RNA is prepared by standard methods such as those described by Sambrook et al. In a preferred embodiment, RNA can be isolated from the purified mononuclear cells such as lymphocytes or monocytes using RNA isolation reagents (such as the TRI reagent from Molecular Research Center, Inc. Cincinnati, OH) . The TRI reagent is an improved version of the single step method of total RNA isolation. The reagent combines phenol and guanidine thiocyanate in a mono-phase solμtion to inhibit RNase activity. This method allows processing of a large number of samples for the isolation of total RNA or the simultaneous isolation of RNA, DNA and proteins. The entire procedure can be completed in about 1 hour with significant recovery of undegraded mRNAs. Purified RNA can be stored at -80°C or used immediately. Total RNA as purified above can be used as such or mRNA can be prepared therefrom by subjecting it to an oligo dT column. The DNA array technology is used to determine the presence of relevant mRNAs in the RNA population purified from the blood cells . DNA arrays are now commercially available. DNA arrays can provide gene expression profiles of cells from desired tissues. One example is GeneFilter GF211, containing 5188 spots of named human genes with 5 ng of an approximately 1000 base long, 5' end-derived PCR fragment on each spot. Hybridization of the DNA filters is carried out by standard procedures. In general, filters may be prewashed to reduce non-specific binding. The purified RNA or mRNA isolated from blood samples is labeled. Any type of label including fluorescent, enzyme-based or radioactive labels may be used. It is preferable to use radioactively labeled probes because of their high sensitivity. Hybridizations are carried out under stringent conditions. Unbound materials are washed away and array spots having positive signals are detected. The image is captured and processes using automated image processors.

Image analysis of the TIFF images can be carried out by commercially available software. Typically the software adjusts the image quality based on positive controls. Further, orientation of the image is also ' facilitated by positive controls. It is desirable to create a grid that locates each spot, analyze the image corresponding to each spot, map the image information to the identity of the gene, and input the information into a database. An example of a suitable software is Image Analysis Software Pathways (Research Genetics, Inc.).

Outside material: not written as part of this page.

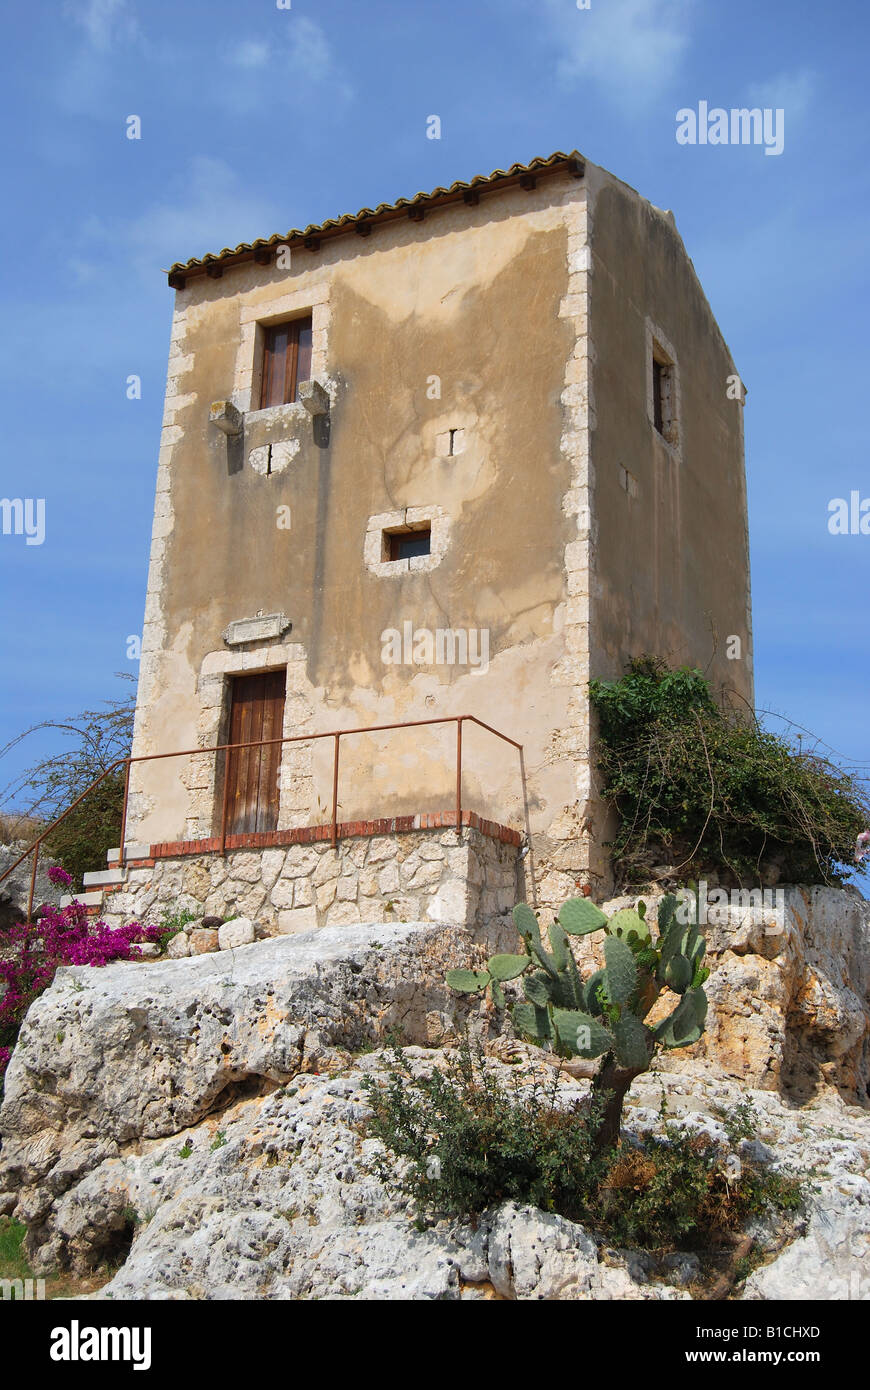 Watchtower, Teatro Greco, The Parco Archeologico, Siracusa, Sicily, Italy Stock Photo

The software locates, calculates, and stores each cDNA spot intensity from each TIFF file and simultaneously compares two different normalized TIFF images . The data from the captured images is subjected to data analysis to determine the statistical significance by using standard software such as SPSS 6.0 (SPSS Inc., Chicago, IL) and Excel (Microsoft Corp., Bellevue, WA) . From the mRNA levels determined as described above, an unbound hepatic intrinsic clearance (Cl_{u int}) which can be scaled up to hepatic clearance using well established hepatic clearance models that incorporate protein binding and liver blood flow and mixing patterns.

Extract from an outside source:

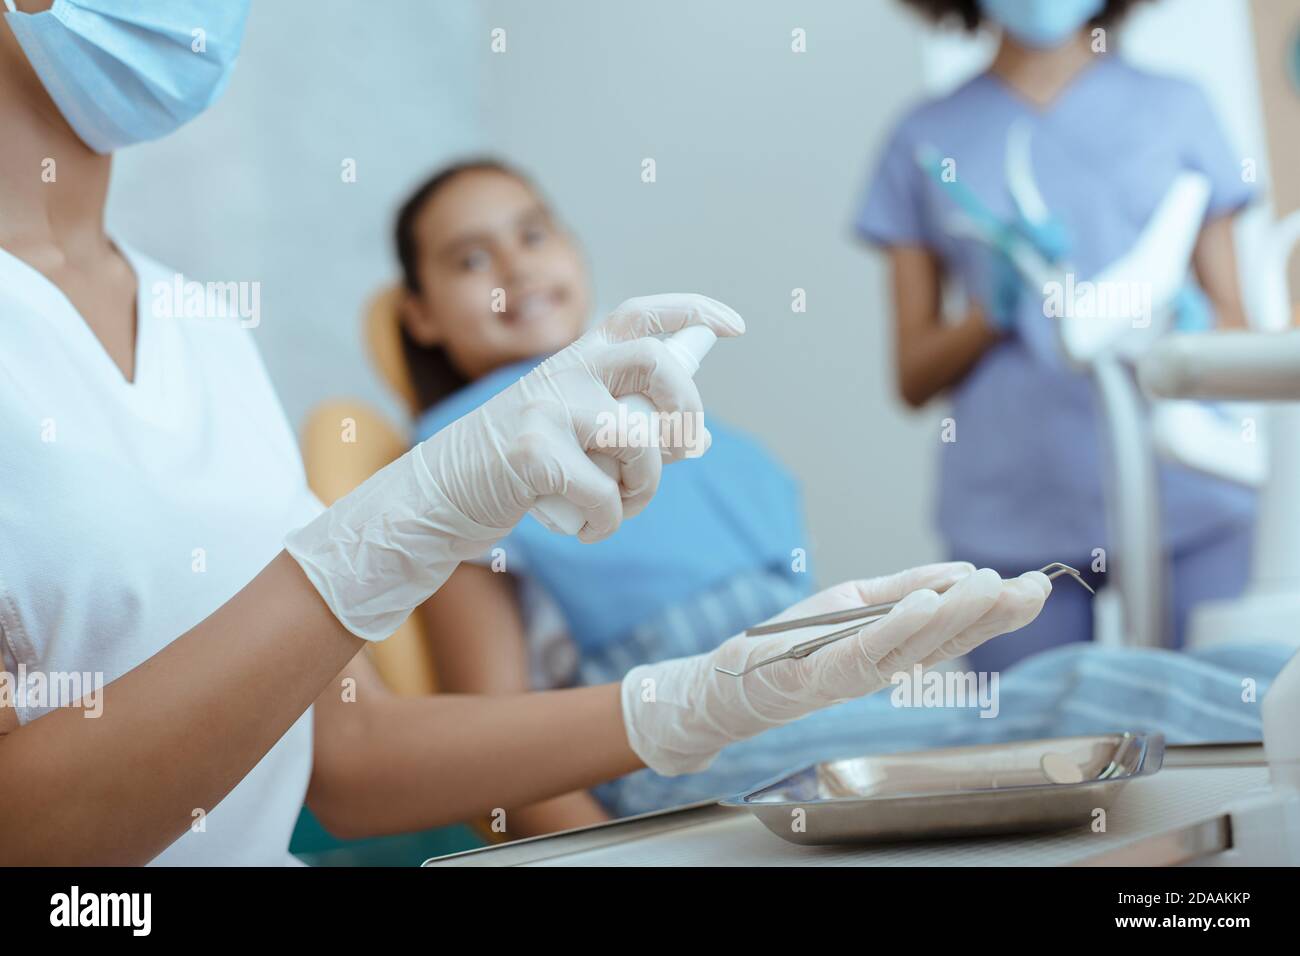 Millennial woman doctor in rubber gloves and protective mask processes dental instruments Stock Photo

The following examples are presented to further describe the invention and are intended to be illustrative and not restrictive.

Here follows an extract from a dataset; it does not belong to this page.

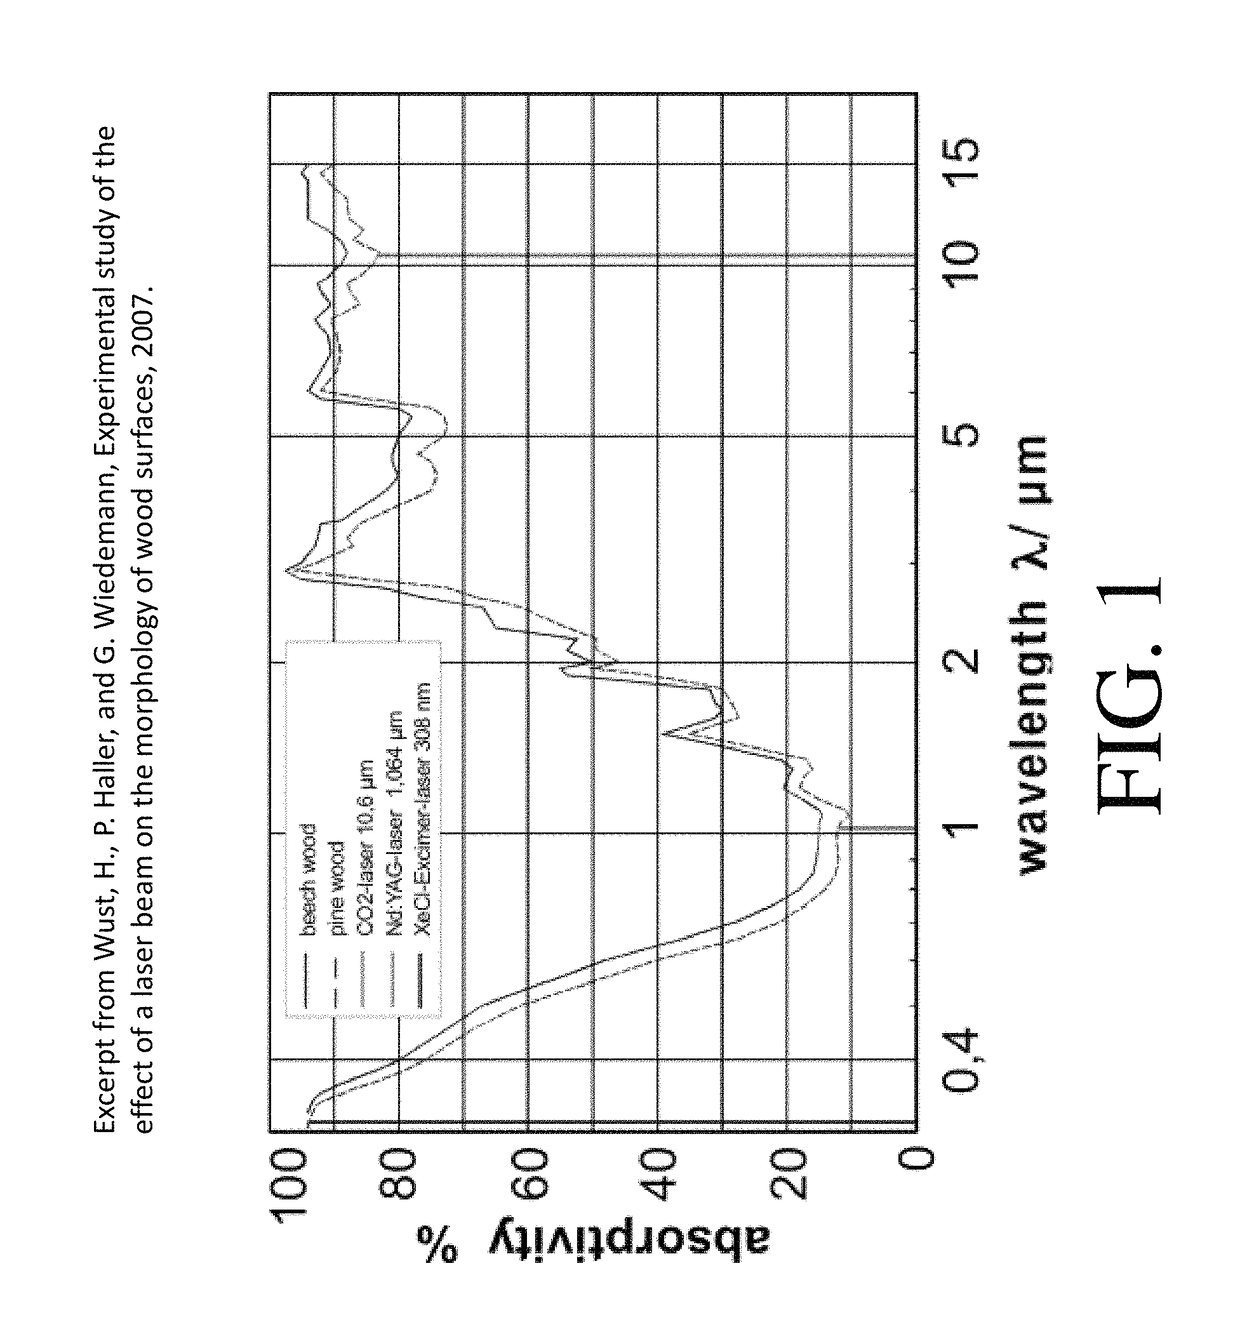 Process for bonding lignocellulosic substrates without an added adhesive and products thereof

EXAMPLE 1 This embodiment describes the method used in the present invention and demonstrates that the present method is reproducible and reliable. Peripheral blood anticoagulated with heparin was obtained by venipuncture. Within 4 hours of collection, the blood samples centrifuged at 200 x g for 10 minutes with a swinging bucket rotor and a buffy coat was isolated. The buffy coat was diluted with 2 volumes of phosphate buffered saline (PBS) and overlaid on a cushion of Hypaque-Ficoll (Histopaque, Sigma Chemical, St. Louis, MO). Density gradient centrifugation at 900-1000 g for 30 minutes on the swinging bucket rotor yielded mononuclear cells . The cells were washed 3 times with PBS and resuspended in RPMI-1640 medium containing 10% v/v fetal bovine serum. The cell suspension was incubated at 37°C for 2 hours in cell culture flasks to deplete monocytes. The monocytes adhered to the flask and the supernatant yielded a mononuclear cell population that was enriched in lymphocytes . The adherent monocytes were gently rinsed with 5 ml of RPMI-1640 medium containing 10% v/v fetal bovine serum to increase lymphocyte yield. RNA was isolated from the purified lymphocytes and monocytes using the TRI reagent (Molecular Research Center, Inc. Cincinnati, OH) . The cells (5 X 10^s cells for lymphocytes or a 10 cm² area of culture plate for monocytes) were lysed in 1 ml TRI reagent and the homogenate was separated into aqueous and organic phases by the addition of bromochloropropane (0.1 ml) or chloroform (0.2 ml) and centrifugation. RNA remained exclusively in the aqueous phase, DNA in the interphase, and proteins in the organic phase. RNA was precipitated from the aqueous phase by addition of 0.5 ml isopropanol, washed with 1 ml of 75% v/v ethanol and solubilized in twice autoclaved diethyl pyrocarbonate treated water. Samples were stored at -80°C. The DNA array filters were prewashed in 0.5% SDS to rid the filter of any residues since this results in cleaner hybridizations with less background noise. 0.5% SDS solution was heated until boiling, the boiling solution was poured over membranes and gently agitated for five minutes.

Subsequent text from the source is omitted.